О том, как мне удалось стереть контрольные… и о многом другом (страница 4)
– Да-да. Капуста очень вкусная, – отвечаю я.
– Тогда почему ты макаешь хлеб в стакан с водой?
Я ничего не отвечаю, тупо уставившись на размокший кусок хлеба в руке.
Покончив с едой, мы помогаем маме убрать со стола, и я галопом мчусь в свою комнату. Я так и эдак переворачиваю лист бумаги, разглядываю его со всех сторон. Он девственно белый.
На этом листке я написал «Дунайский окунь».
Потом стер надпись ластиком.
И окунь исчез.
Не может быть! Это совпадение. Да, простое совпадение. Что же еще?
Ты видишь, что бывает, когда за дело берется твой отец?
(Папа)
На следующее утро мама заходит ко мне в комнату и будит. Она уже одета, в руках у нее пальто, значит, собралась уходить. Я не сразу вспоминаю, что сегодня суббота. Базарный день.
Полусонный, в зомби-режиме я плетусь на кухню, где меня уже ждет кружка горячего шоколада. Мисс Всезнайка топчется в прихожей, она тоже уходит. У нее встреча с друзьями из ОЗЖН – Общества защиты живого наследия. Самое странное не то, что в свои восемь лет моя сестра самая младшая там, а то, что она там самая умная. Страшно даже представить себе эти встречи.
Как только они ушли, появляется папа. Лицо помято, как скомканный лист бумаги, который пытались расправить, глаза опухшие, на подбородке черная щетина. Вчера он вернулся с работы поздно ночью. Мой отец работает корректором в журнале «Новости планеты». Иногда он засиживается с коллегами допоздна, обсуждая чрезвычайно важные вещи. Например, пунктуацию при оформлении прямой речи.
Папа усаживается рядом со мной с большой кружкой, которую Мисс Всезнайка подарила ему на День отца. Кружка каждое утро напоминает ему о том, что мы должны сохранить тропические леса Амазонки. Папа до краев наливает себе горячий кофе.

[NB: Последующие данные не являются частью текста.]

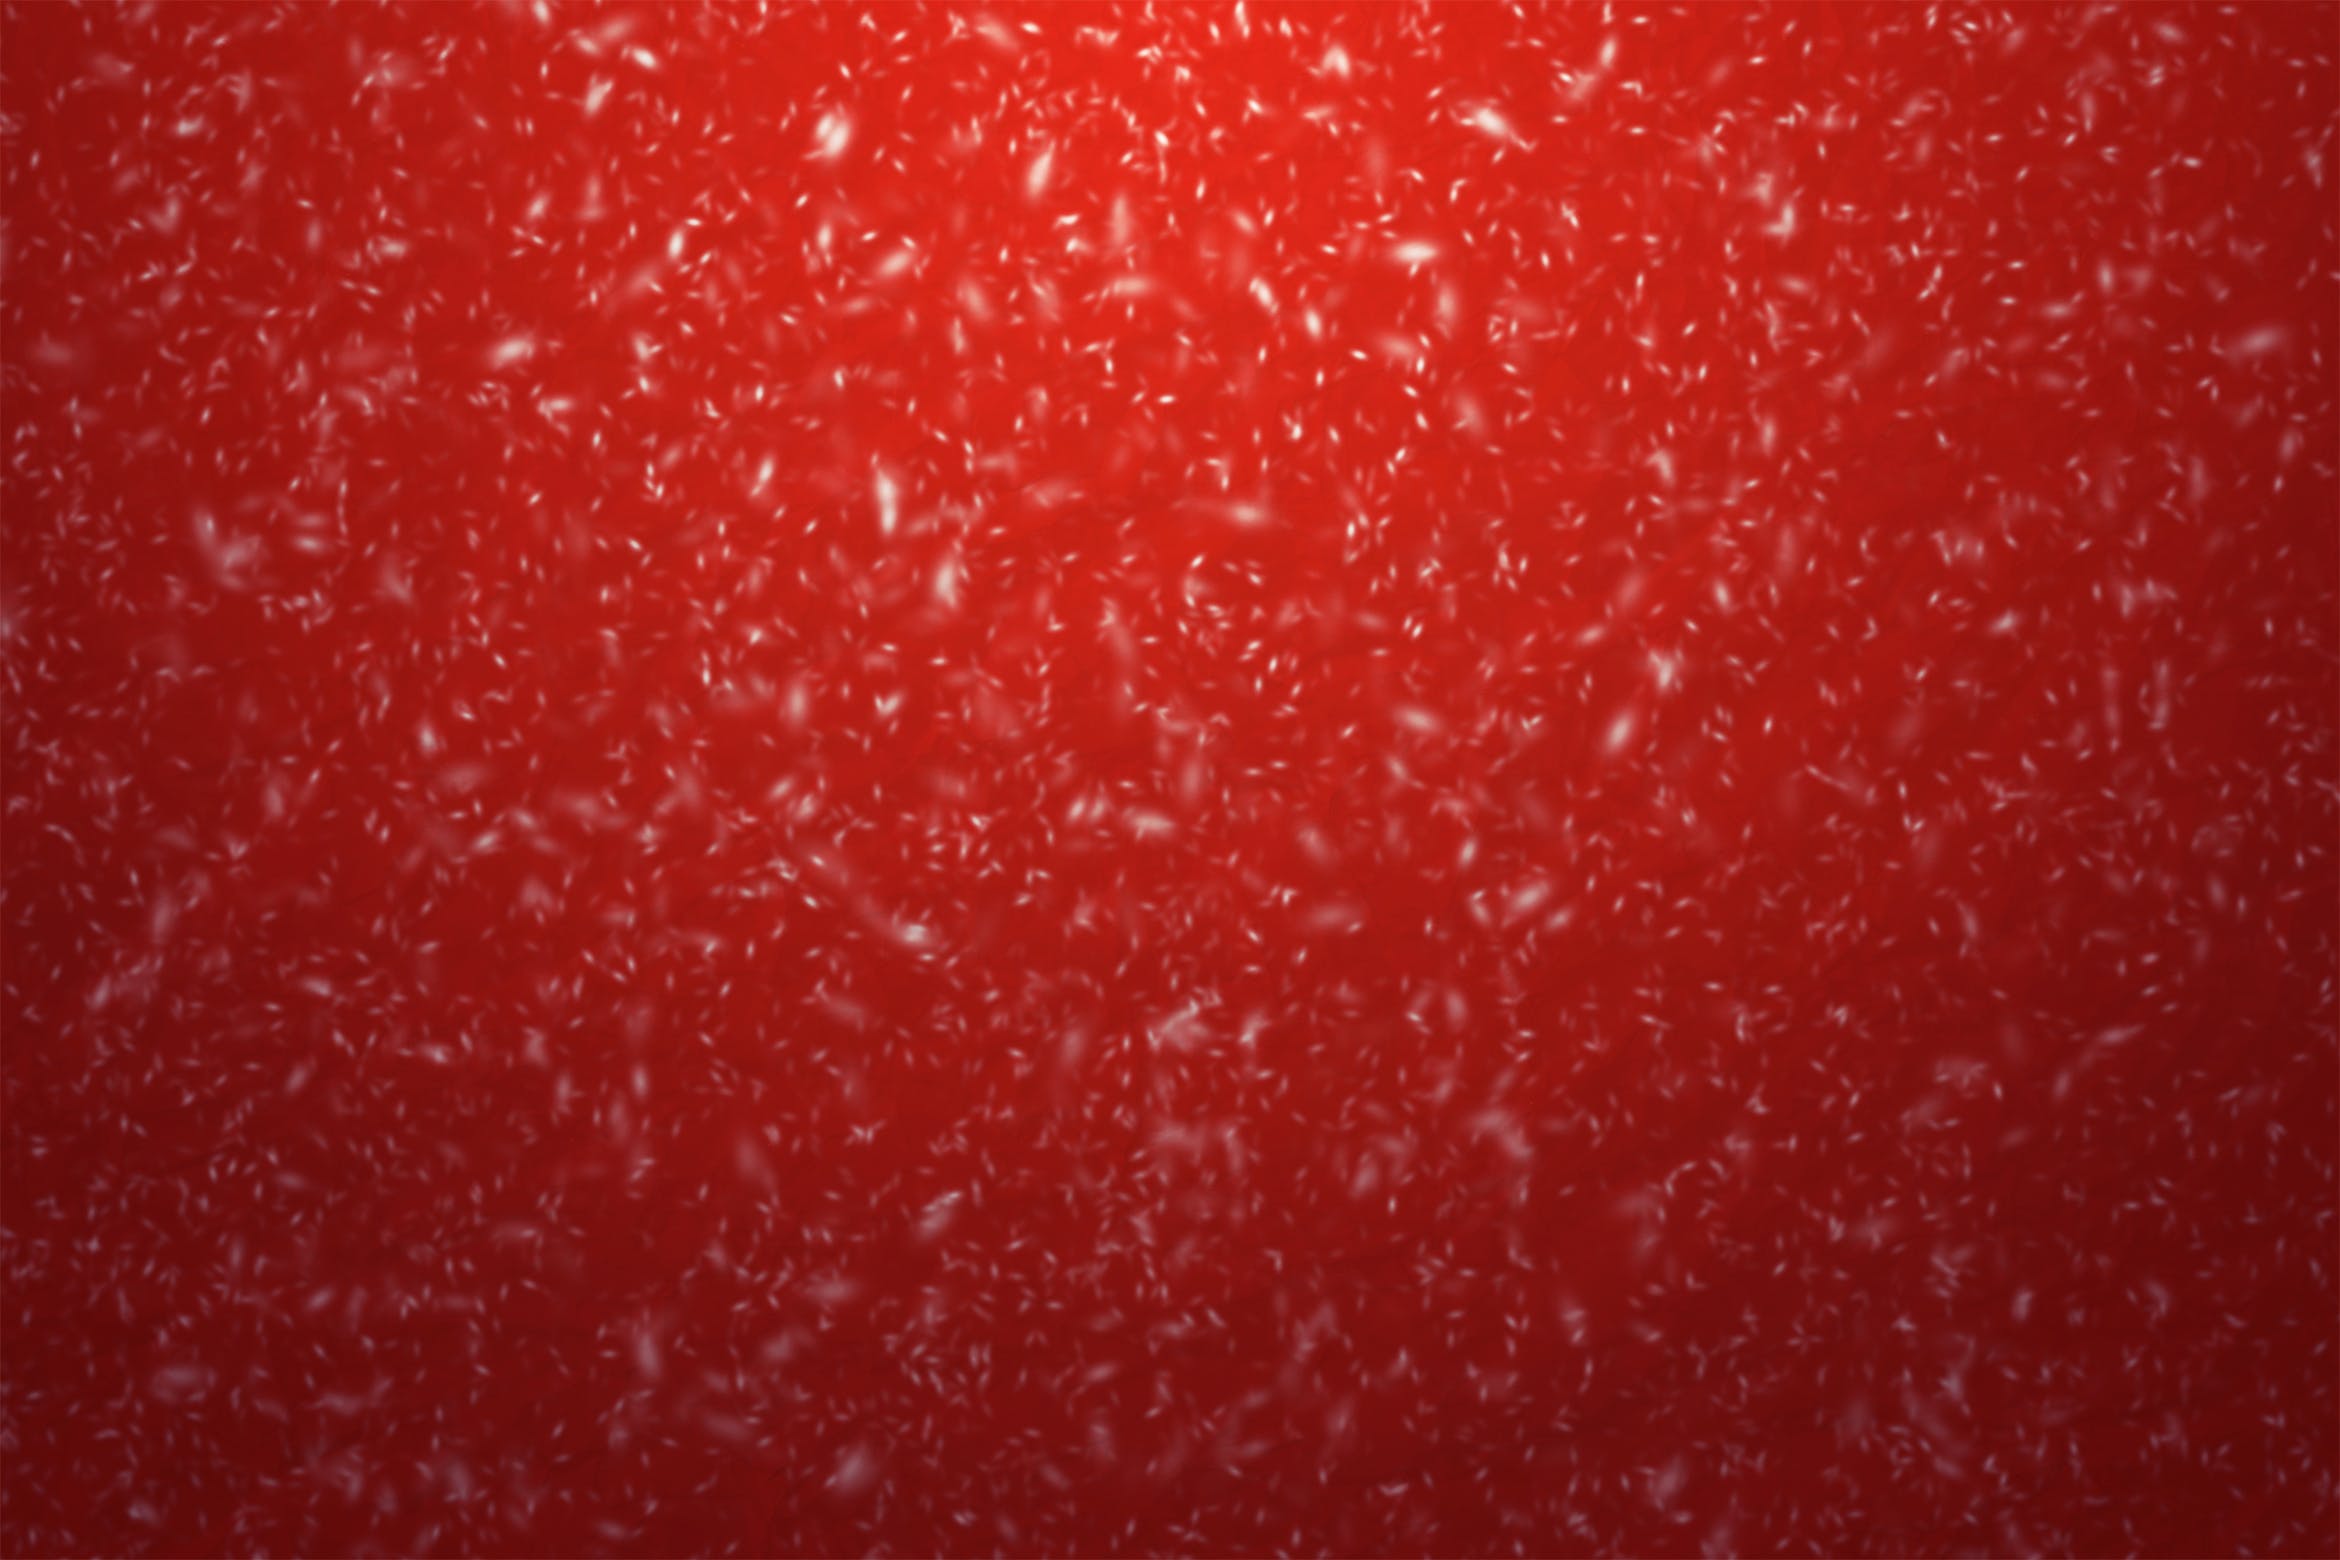 4张高分辨率圣诞节雪花纷飞背景图素材 Snowy christmas background插图

– Как дела? – спрашивает он.
И, не дожидаясь ответа, совершает безумство: засовывает кусок хлеба в тостер. Мои глаза расширяются от ужаса. Я привычно затыкаю уши. В нашем доме все знают, что будет дальше. Сначала вспыхнет молния и вырубятся пробки, потом тостер испустит дым и, наконец, выплюнет на стол кусок угля.

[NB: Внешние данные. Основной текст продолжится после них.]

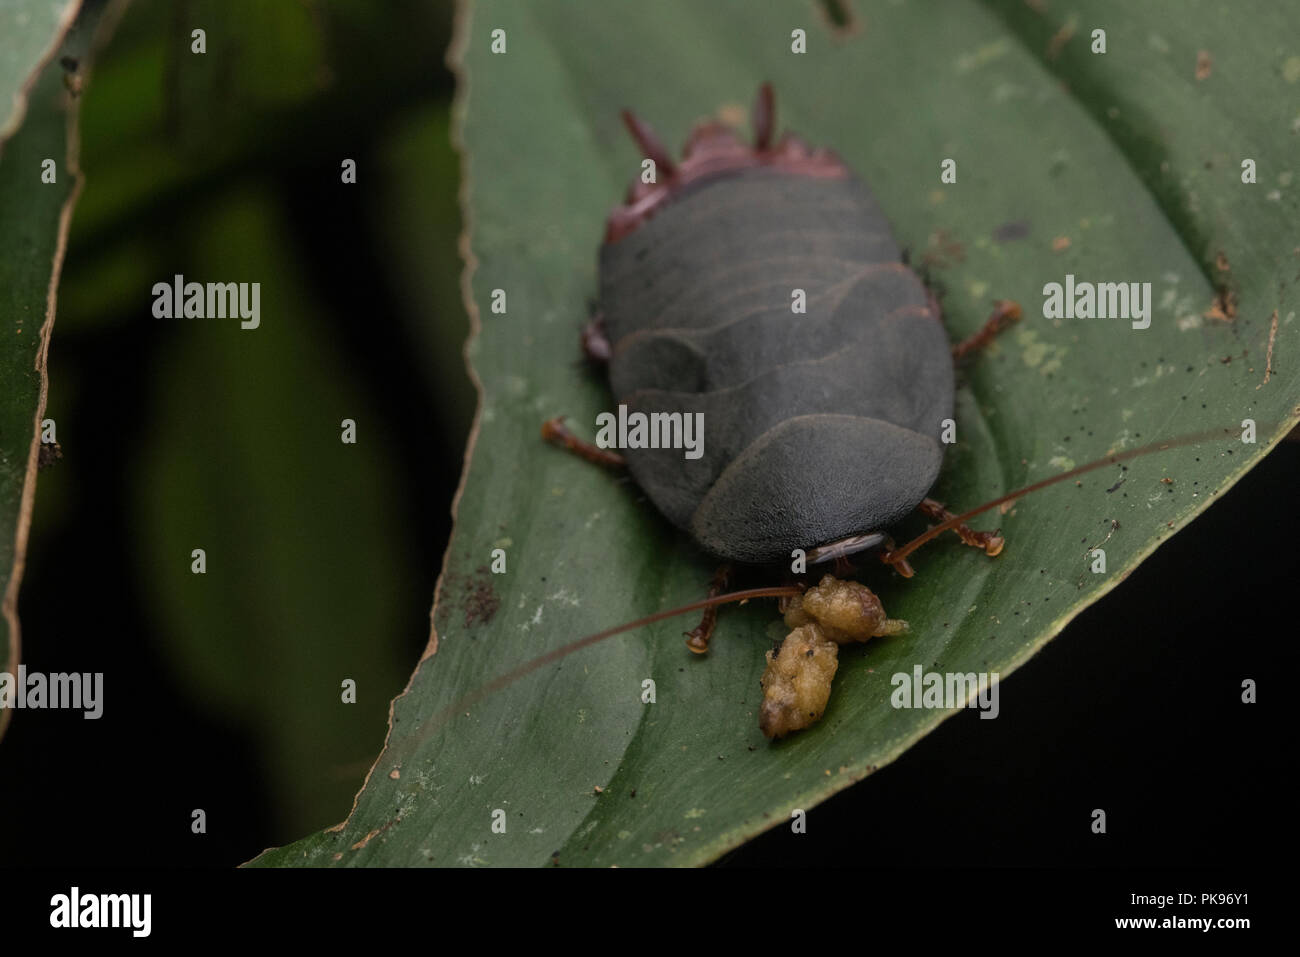 La maggior parte degli scarafaggi vivono lontano da persone come questo uno che vive nel profondo della giungla amazzonica lontano da qualsiasi uomo. Foto Stock

Однако в этот раз ничего подобного не происходит. Отец протягивает мне аппетитный тост с золотистой корочкой, и я не верю своим глазам.
– Ты его починил, – говорю я ошарашенно.
– Ну да! Всего и делов-то! – отвечает он, почесывая подбородок. – Приятного аппетита, парень!
Папа, похоже, очень горд собой. Он важно поднимает указательный палец.
– И это еще не все! – объявляет он.
В три прыжка он подскакивает к мойке. Закатив глаза, словно фокусник, достающий кролика из цилиндра, он поворачивает кран, и… о, чудо! Вода льется прямо в мойку. Это невероятно! Обычно струя из крана капризна и непредсказуема и бьет куда угодно – в лицо, в стену или в пол, обрызгивая все вокруг. Я подхожу поближе, чтобы убедиться, что это не фокус.
– Немного почистил – и вуаля! – торжествует отец.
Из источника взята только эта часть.